Kevin Gosztola on Cablegate’s newest revelations, Liliana Segura on Rick Perry’s executions and Richard Kim on Ahmadinejad’s plans to release the jailed American hikers


THE NEW SOLIDARITY: “I’ve played hundreds and hundreds of demonstrations, but I’ve never been in the middle of anything like this,” veteran Rage Against the Machine and Audioslave guitarist Tom Morello told me when we spoke about his participation in the mass protests in Wisconsin last winter. In August he returned to Madison for a Labor Day concert that took the struggle to the next stage. Morello, Tim McIlrath of the group Rise Against, and the MC5’s Wayne Kramer used the show to kick off the Justice Tour, bringing concerts to the battleground states of Ohio and Michigan, where unions are fighting back against right-wing assaults on labor rights. Proceeds from the concerts benefited The Nation Institute, to support journalism that exposes corporate abuse and highlights union struggles.

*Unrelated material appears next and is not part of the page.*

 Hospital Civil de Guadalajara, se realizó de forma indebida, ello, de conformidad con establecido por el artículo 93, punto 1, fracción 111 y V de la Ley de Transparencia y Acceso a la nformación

Morello was one of the first national figures to show up at the State Capitol in Madison in February, where he performed Woody Guthrie’s “This Land Is Your Land.” He has since written a song about the Wisconsin fight—“Union Town”—and is donating profits to the America Votes Labor Unity Fund. He has become a spokesman for the new solidarity that crosses lines of class, politics and musical genres. (In Madison he was joined by Firefighters Local 311 Pipes & Drums.)

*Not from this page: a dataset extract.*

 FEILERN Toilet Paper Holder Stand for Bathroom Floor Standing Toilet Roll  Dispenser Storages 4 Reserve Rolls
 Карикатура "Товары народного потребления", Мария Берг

“The future of workers’ rights in this country will not be decided in the courts or in Congress, on talk radio or on Fox News,” Morello wrote in Rolling Stone last winter. “The future of workers’ rights in this country will be decided on the streets of a small Midwestern city, on the streets of Madison, Wisconsin. And who knows? Maybe in your city too.”   JOHN NICHOLS

CABLEGATE’S LAST CHAPTER: In the first week of September, WikiLeaks published, unredacted, its entire collection of US Embassy cables, 251,287 total, creating what the Australian newspaper the Age described as an “astonishingly comprehensive, publicly available, fully searchable and free archive of US diplomacy covering every corner of the globe…. There are no redactions or deletions.” The controversial move followed a convoluted series of apparent mistakes: a decryption password was published in a book about WikiLeaks by Guardian journalist David Leigh that, according to the group, allowed the public access to a file containing the complete set of unredacted cables. (The Guardian claims that the password was temporary and would have long since expired by the time the book came out.) The file itself is said to have been erroneously uploaded by WikiLeaks supporters.

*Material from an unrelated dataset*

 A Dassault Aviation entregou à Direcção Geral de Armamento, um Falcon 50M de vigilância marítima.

The revelations contained in the last batch of cables—that former Blackwater employees kept working in Iraq after the firm was banned; that China has bought gold to weaken the US dollar; that American diplomats have sought to advance the interests of Monsanto and Big Pharma; that the US military concealed details of the execution of ten Iraqis by US troops in 2006—were largely overshadowed by the fact that the cables were unredacted. The State Department warned that the cables would endanger the lives of those whose names appear. Defending the decision, WikiLeaks founder Julian Assange explained that the information was already available to intelligence agencies around the world and that those who might face retaliation deserved to have access to the records for their own safety. On its website, WikiLeaks announced that it had pre-emptively notified Human Rights Watch, Amnesty International and the State Department.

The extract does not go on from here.